I won't be able to make this one unfortunately, sounds a good show.


----------



## SarahC (Oct 3, 2008)

if Sarah is showing then I will send mice along with her.I'm sure Sam will do a great job.


----------



## WillowDragon (Jan 7, 2009)

Sarah will be picking up some mice for me from there... wish I could go, i'm off, but its just too much of a trek!! 

Have fun, Good Luck everyone and Sam, you will be fabulous honey!


----------



## The secret garden (May 13, 2010)

Thanks love!


----------



## Wight Isle Stud (May 19, 2010)

Good luck mate ! Tip of the day............... The mouse in the left hand goes back in the maxey on the left lol. You will be fine.


----------



## The secret garden (May 13, 2010)

Thats Phils job, to remind me where they go. lol


----------



## WillowDragon (Jan 7, 2009)

Is Phil Stewarding for you?


----------



## The secret garden (May 13, 2010)

Yes its his place, he has helped from when i was a young mouse fancier up to present times. Its the next step to see his fledgling fly from the nest.


----------



## WillowDragon (Jan 7, 2009)

I bet he's proud 

Well my dreams of show greatness have been put back quite a bit... I had hoped to win something decent at Enfield before the end of the year, but I have lost most of my mice to resp disease over the last 2 weeks.


----------



## Seawatch Stud (Feb 8, 2009)

I am proud of what Sam has achieved. Its an important part of being a complete fancier to help newbies in my opinion. I was helped and supported by established fanciers when I started and am glad I have been able to do the same for others. There are rewards too. Initially I was just trying to help them but along the way both Sam and Heather(loganberry) have become both serious rivals and great friends. Mousing simply wouldnt be the same without them.


----------



## WillowDragon (Jan 7, 2009)

Seawatch Stud said:


> I am proud of what Sam has achieved. Its an important part of being a complete fancier to help newbies in my opinion. I was helped and supported by established fanciers when I started and am glad I have been able to do the same for others. There are rewards too. Initially I was just trying to help them but along the way both Sam and Heather(loganberry) have become both serious rivals and great friends. Mousing simply wouldnt be the same without them.


Oh I agree with that completely. Heather and Sam have helped me out alot and I aspire to be as good as them one day.

W xx


----------



## The secret garden (May 13, 2010)

Awww Phil  as much as i try to be nasty about you, you really are lush.

Its true tho, without you i wouldnt be in the fancy with all that happened over the last 2 years you have been my knight in shining armor.


----------



## SarahC (Oct 3, 2008)

tratallen and sarahy are kindly taking my entries so that I don't have to leave the dogs alone all day and I shall be there around lunchtime


----------



## The secret garden (May 13, 2010)

Oh my god its less than a week to go, im putting the paperwork in the post today for the show...

Phil im scared!!


----------



## Seawatch Stud (Feb 8, 2009)

You will be fine. You are ready for this and you know it. Il steward for you and make sure you dont make any mistakes with the paperwork. Aside from that you know a winner when you see one. You are hypercritical with mice, and thats what you need to be. You will be an excelllent judge Sam.


----------



## SarahC (Oct 3, 2008)

Seawatch Stud said:


> . Il steward for you and make sure you dont make any mistakes with the paperwork. .
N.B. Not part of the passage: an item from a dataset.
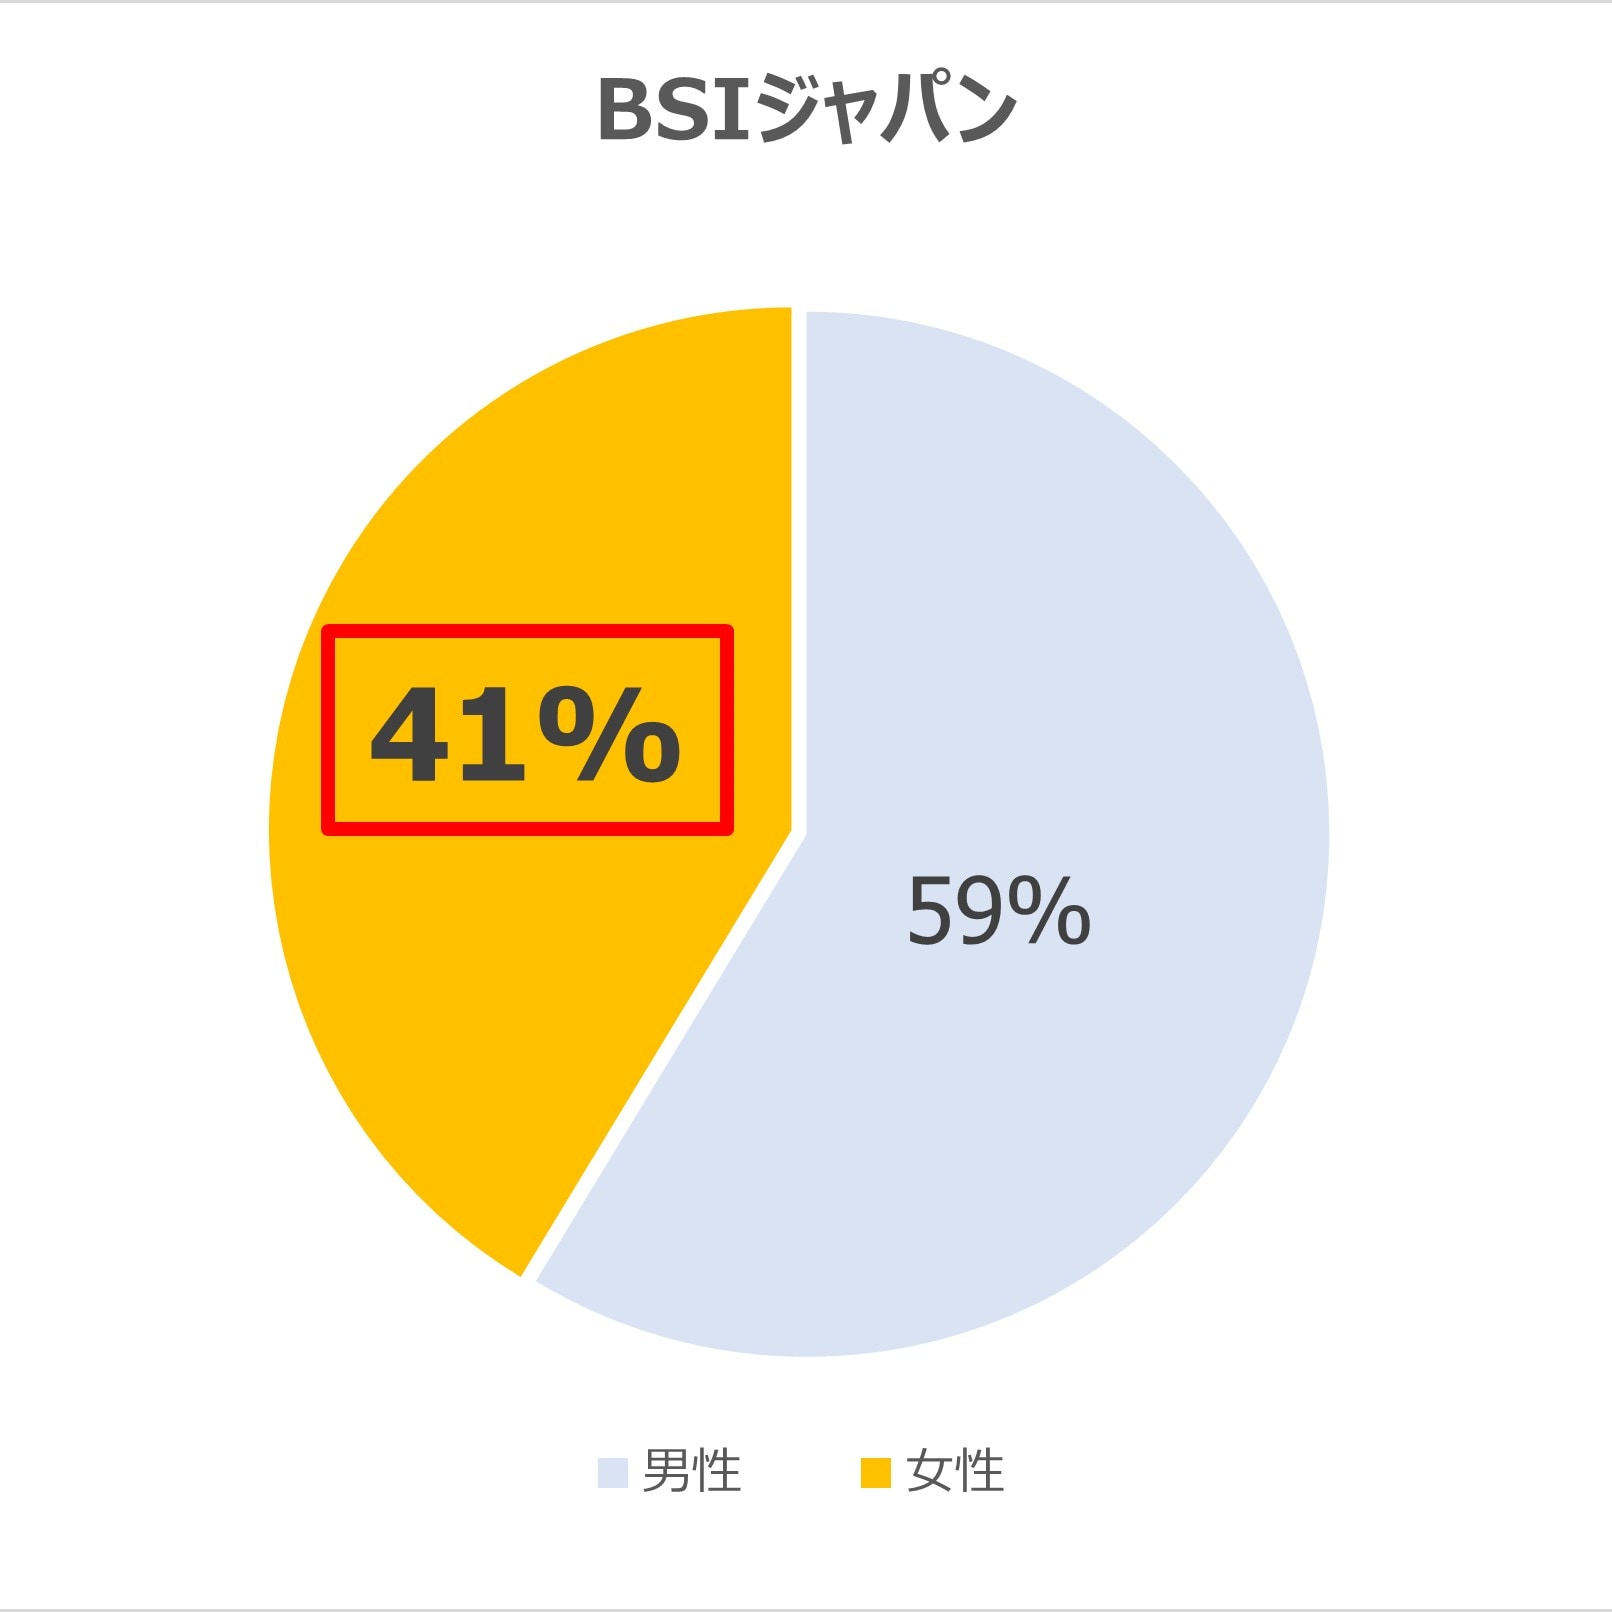 BSIジャパン女性社員比率

can you do that bit for me.I'm cr*p at that part and I'm not joking.You'll be great Sam and more importantly you are doing your bit for the club so who can criticise?


----------



## SarahY (Nov 6, 2008)

Good luck to everyone who is showing tomorrow! I'm not showing unfortunately, but I will be there to see all my mouse club friends :love1

Sarah xxx


----------



## SarahY (Nov 6, 2008)

HEY! Where have the next three posts gone? :shock:

Sarah xxx


----------



## Matt Haslam (Mar 13, 2010)

unfortunately lost in the abyss of web hosting transfer, sorry guys.


----------



## SarahY (Nov 6, 2008)

What a shame! Seawatch said some lovely things about tratallen's mice and she didn't get to read it!

Anyway, I had posted to say congratulations to Seawatch for winning just about everything (but most importantly BIS), to SarahC, who got lots of awards _and_ showed her first pearl (which was stunning) and to tratallen, who won a 1st, 2nd and 3rd between two classes :thumbuo :clap

:gwavebw :gwavec :gwavebw

Sarah xxx


----------



## Matt Haslam (Mar 13, 2010)

SarahY said:


> What a shame! Seawatch said some lovely things about tratallen's mice and she didn't get to read it!
> 
> Anyway, I had posted to say congratulations to Seawatch for winning just about everything (but most importantly BIS), to SarahC, who got lots of awards _and_ showed her first pearl (which was stunning) and to tratallen, who won a 1st, 2nd and 3rd between two classes :thumbuo :clap
> 
> ...


awesome!


----------



## WoodWitch (Oct 18, 2009)

SarahY said:


> What a shame! Seawatch said some lovely things about tratallen's mice and she didn't get to read it!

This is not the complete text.